Life After Diagnosis

After being diagnosed, life changed tremendously. "I was doing a crazy amount of testing and a minimum of four to five insulin shots a day," Prominski said, to help manage blood sugar.

A few years later, she bought a continuous glucose monitor that made keeping track of blood sugar much easier. "It gives me readings every five minutes and shows the trends of how my blood sugar is drifting up or shooting down," Prominski explained.

Knowing that her blood sugar was being monitored at all times gave her the freedom to get back to performing. "I started to feel like myself again. I had been in so much pain and had so many injuries that it made me lose my love of dance. But once I got on insulin, I felt so much better," Prominski said. "I realized: I do want to dance! This cloud parted, and I got myself healed."

Still living in New York City with her husband Max, Prominski started auditioning for Broadway shows. In May 2018, their son was born. "Thankfully, [people with diabetes] can have children and can do it in a healthful way," she said.

Prominski also found comfort and support in the type 1 diabetes community. "When I finally got a diagnosis, I found other people who also had this diagnosis," she recalled. "I found others to connect with who were such wonderful resources to discuss what I was going through, and if my symptoms were normal." One group in particular, Beyond Type 1, was a big source of support.

"Having diabetes today, some people are still embarrassed.
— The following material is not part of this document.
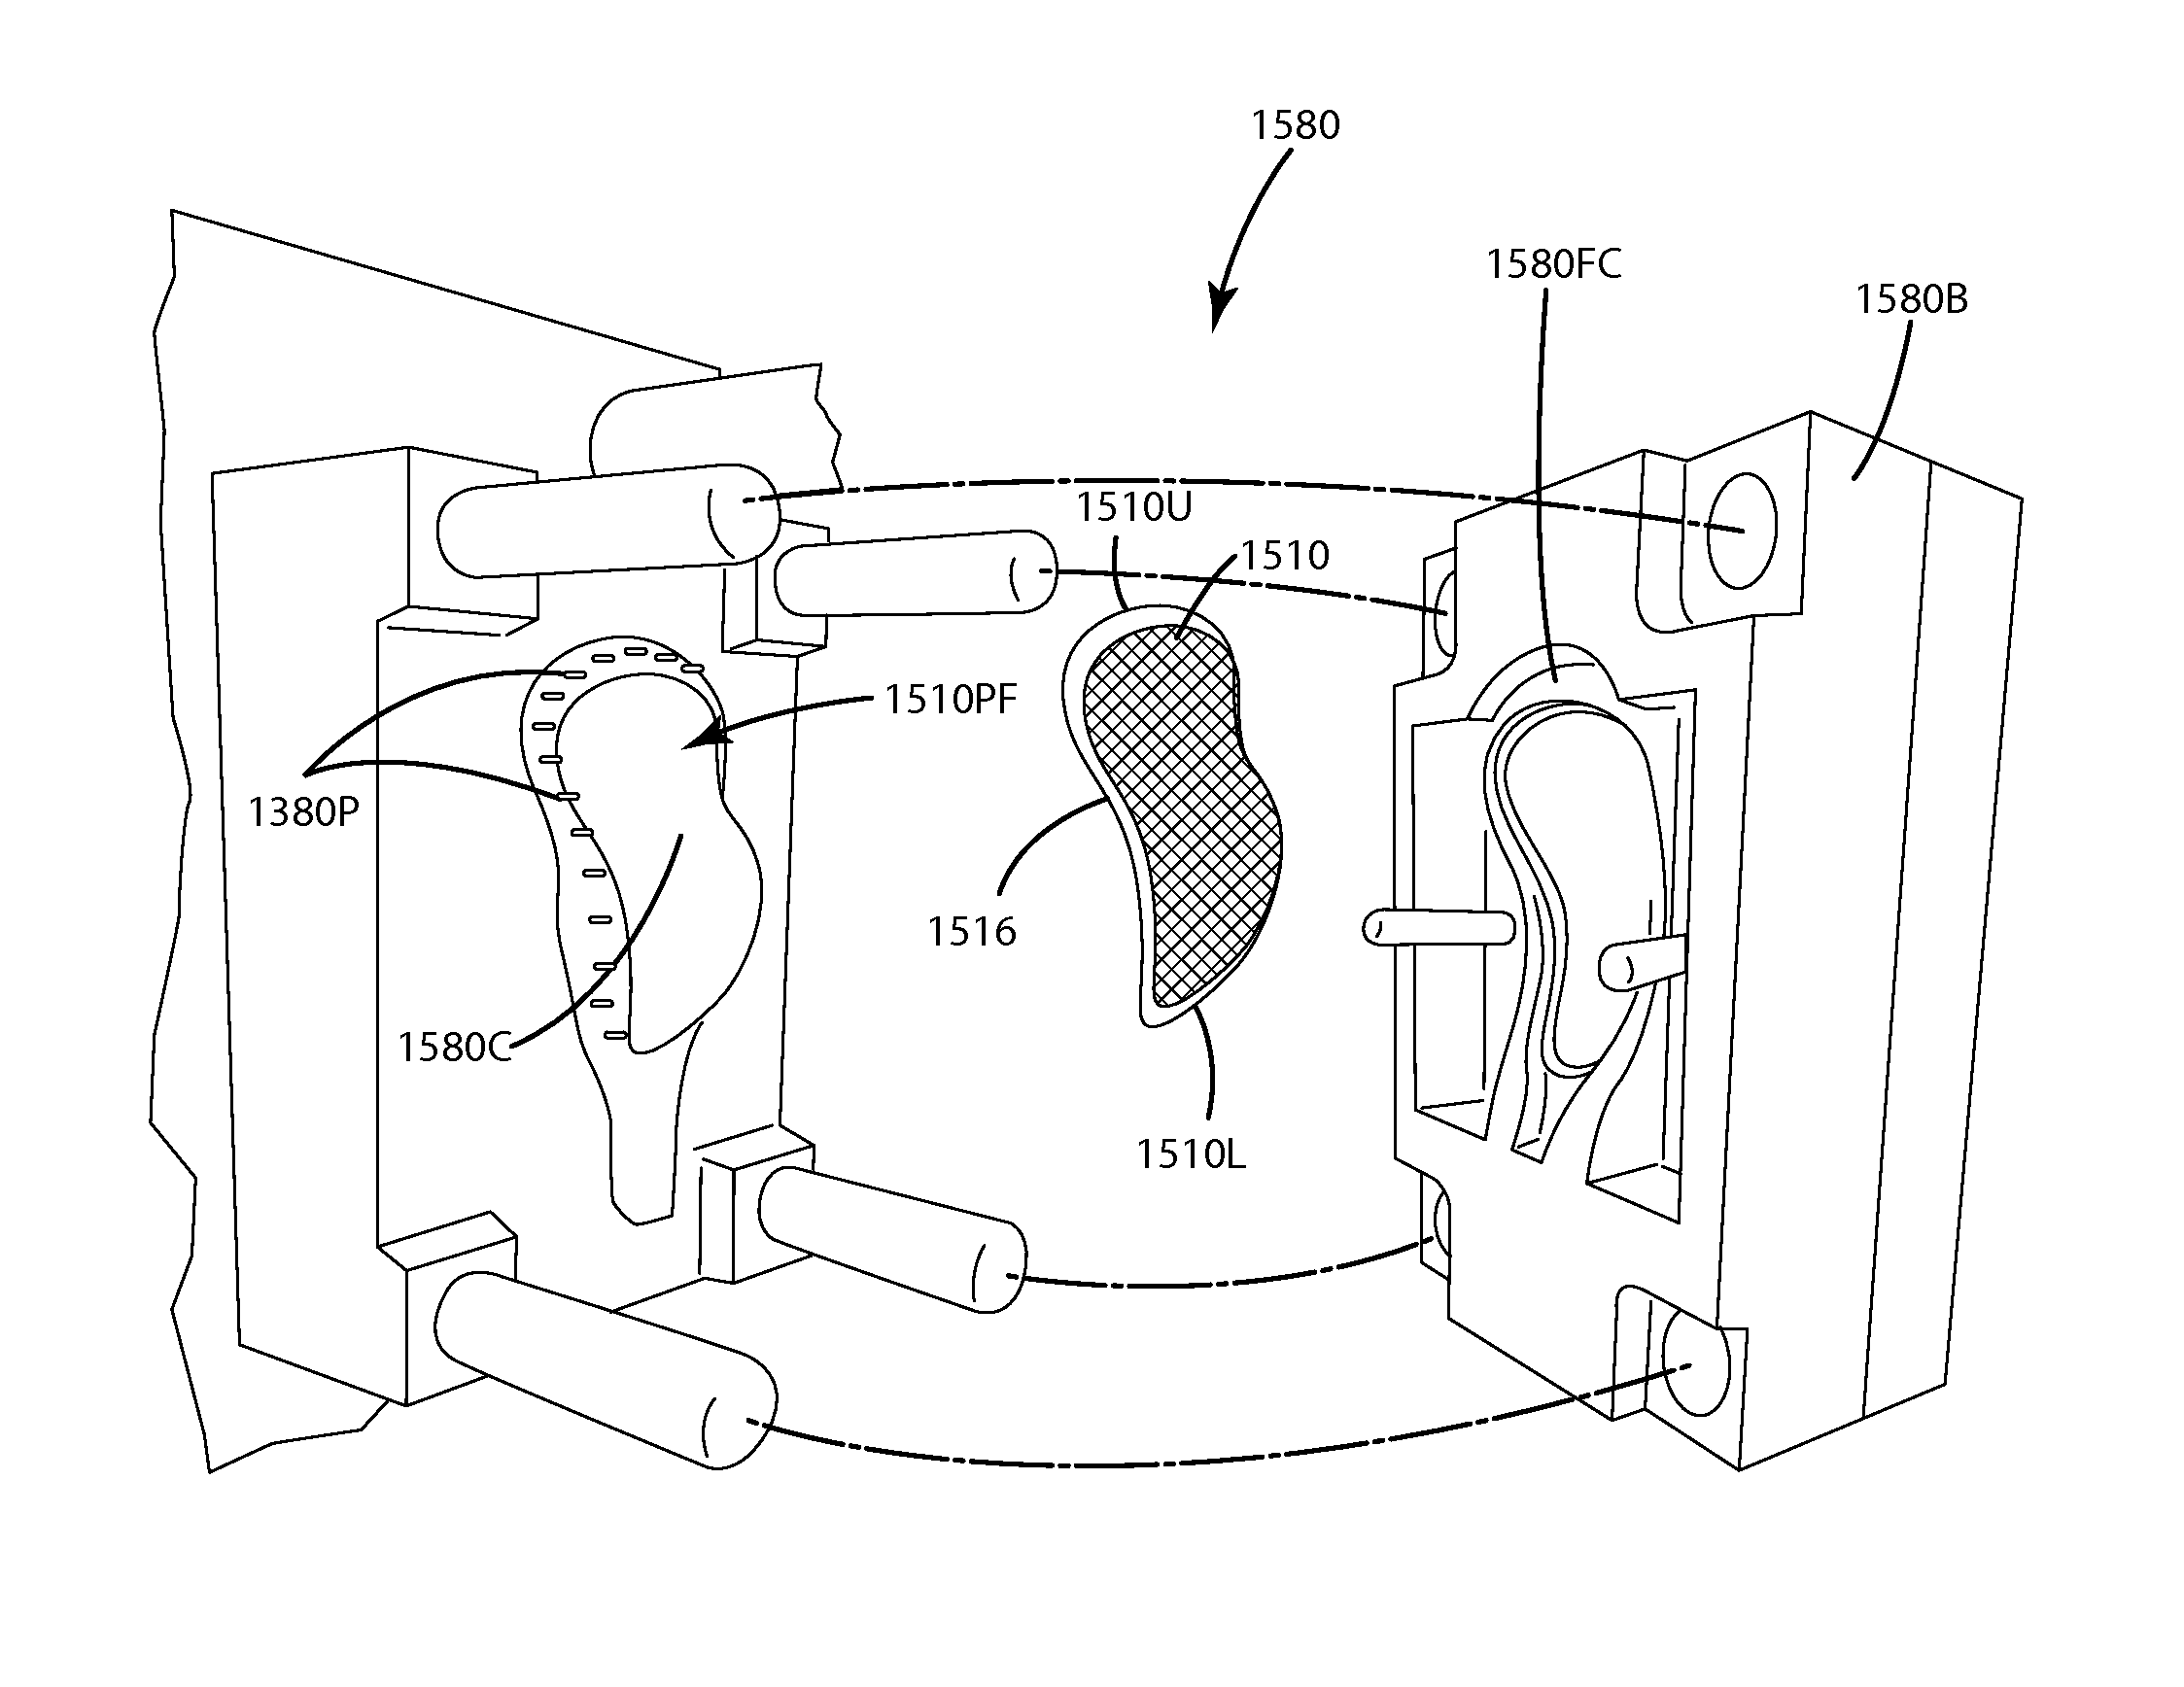 Lacrosse head pocket and related method of manufacture

But there's no reason to be," she noted. "I was at the playground with my son recently, and a dad came over. He had seen my glucose monitor, and he told me his 2-year-old daughter had just been diagnosed. There is so much solidarity and understanding."

Prominski now teaches ballet classes, and her heart jumps whenever one of the students opens up about having diabetes. "Young dancers see me, and they see that I've made it and that I have diabetes, too," she said.

Looking back at the journey—from the first worrisome symptoms to diagnosis and treatment—she realized that the most important move was to be her own advocate. She encourages others to be their own advocates as well.

"I had the telltale signs," she said. "If you're not satisfied with the answers you're being given, keep searching. Go to a different doctor. Go to a different type of doctor. If you know in your heart something is wrong, don't stop searching."